++++ EXERCISE INPUTS ++++

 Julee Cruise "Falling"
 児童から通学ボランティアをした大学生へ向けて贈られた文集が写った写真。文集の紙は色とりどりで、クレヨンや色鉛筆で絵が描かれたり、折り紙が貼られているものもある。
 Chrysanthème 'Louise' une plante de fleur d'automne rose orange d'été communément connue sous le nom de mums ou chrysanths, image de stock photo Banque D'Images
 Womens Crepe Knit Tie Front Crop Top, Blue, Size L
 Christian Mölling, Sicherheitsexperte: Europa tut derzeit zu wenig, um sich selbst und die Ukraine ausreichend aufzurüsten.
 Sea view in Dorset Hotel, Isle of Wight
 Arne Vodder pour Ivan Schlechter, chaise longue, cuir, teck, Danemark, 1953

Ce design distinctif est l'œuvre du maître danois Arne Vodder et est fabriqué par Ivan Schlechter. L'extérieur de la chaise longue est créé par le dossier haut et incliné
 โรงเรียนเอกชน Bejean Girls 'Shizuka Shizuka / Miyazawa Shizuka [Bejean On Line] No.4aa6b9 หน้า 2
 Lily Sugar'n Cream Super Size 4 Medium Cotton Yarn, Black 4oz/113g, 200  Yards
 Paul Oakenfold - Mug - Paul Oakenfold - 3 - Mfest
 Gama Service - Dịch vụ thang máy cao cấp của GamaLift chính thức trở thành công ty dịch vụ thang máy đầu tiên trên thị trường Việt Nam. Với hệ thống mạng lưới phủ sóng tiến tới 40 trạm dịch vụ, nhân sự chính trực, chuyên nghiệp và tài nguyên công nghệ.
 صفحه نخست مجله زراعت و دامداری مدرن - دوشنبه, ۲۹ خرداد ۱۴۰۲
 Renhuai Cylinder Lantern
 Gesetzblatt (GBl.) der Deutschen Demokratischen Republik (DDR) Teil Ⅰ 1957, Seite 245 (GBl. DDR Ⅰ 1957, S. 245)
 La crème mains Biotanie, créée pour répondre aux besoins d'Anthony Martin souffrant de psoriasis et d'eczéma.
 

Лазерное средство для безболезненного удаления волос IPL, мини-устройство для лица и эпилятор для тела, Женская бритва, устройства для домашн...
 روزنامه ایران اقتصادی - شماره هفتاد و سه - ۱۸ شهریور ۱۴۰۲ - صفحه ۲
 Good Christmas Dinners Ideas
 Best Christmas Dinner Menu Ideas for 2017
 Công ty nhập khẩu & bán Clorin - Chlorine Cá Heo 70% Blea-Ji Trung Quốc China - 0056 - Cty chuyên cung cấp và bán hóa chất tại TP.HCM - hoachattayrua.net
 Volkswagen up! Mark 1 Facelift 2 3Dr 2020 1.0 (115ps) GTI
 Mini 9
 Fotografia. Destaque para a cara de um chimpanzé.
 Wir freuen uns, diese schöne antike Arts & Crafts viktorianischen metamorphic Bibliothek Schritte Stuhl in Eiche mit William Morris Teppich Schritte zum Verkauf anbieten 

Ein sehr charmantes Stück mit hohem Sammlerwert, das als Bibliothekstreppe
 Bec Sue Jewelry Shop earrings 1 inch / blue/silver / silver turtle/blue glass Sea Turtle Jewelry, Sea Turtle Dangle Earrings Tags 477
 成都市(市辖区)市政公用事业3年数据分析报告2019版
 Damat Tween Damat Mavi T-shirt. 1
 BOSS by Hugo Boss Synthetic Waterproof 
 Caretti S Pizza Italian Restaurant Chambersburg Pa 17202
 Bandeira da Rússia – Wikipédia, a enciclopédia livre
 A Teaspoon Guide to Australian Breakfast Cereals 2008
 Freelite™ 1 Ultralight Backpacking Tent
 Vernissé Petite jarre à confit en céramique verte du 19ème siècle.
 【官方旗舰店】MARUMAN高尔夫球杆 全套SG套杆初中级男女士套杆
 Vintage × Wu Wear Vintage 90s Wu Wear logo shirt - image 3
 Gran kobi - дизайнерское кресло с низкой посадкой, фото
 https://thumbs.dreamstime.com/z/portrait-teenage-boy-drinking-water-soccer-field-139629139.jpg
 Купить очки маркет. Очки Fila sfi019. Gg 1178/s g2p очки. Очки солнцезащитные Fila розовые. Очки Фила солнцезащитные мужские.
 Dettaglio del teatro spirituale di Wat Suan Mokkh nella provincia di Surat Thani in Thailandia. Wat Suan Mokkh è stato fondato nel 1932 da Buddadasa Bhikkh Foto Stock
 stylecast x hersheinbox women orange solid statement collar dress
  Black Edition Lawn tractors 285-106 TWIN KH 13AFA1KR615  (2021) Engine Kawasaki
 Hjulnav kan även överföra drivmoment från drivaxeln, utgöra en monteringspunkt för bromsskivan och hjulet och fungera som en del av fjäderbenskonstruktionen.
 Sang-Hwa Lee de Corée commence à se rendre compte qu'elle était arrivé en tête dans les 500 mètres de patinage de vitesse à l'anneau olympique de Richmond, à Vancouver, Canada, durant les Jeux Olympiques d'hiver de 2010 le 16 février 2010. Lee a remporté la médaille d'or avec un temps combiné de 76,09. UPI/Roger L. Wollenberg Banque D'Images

++++

In the material above, show every line where the word "Banque" turns up.

> YOUR RESPONSE:
 Chrysanthème 'Louise' une plante de fleur d'automne rose orange d'été communément connue sous le nom de mums ou chrysanths, image de stock photo Banque D'Images
 Sang-Hwa Lee de Corée commence à se rendre compte qu'elle était arrivé en tête dans les 500 mètres de patinage de vitesse à l'anneau olympique de Richmond, à Vancouver, Canada, durant les Jeux Olympiques d'hiver de 2010 le 16 février 2010. Lee a remporté la médaille d'or avec un temps combiné de 76,09. UPI/Roger L. Wollenberg Banque D'Images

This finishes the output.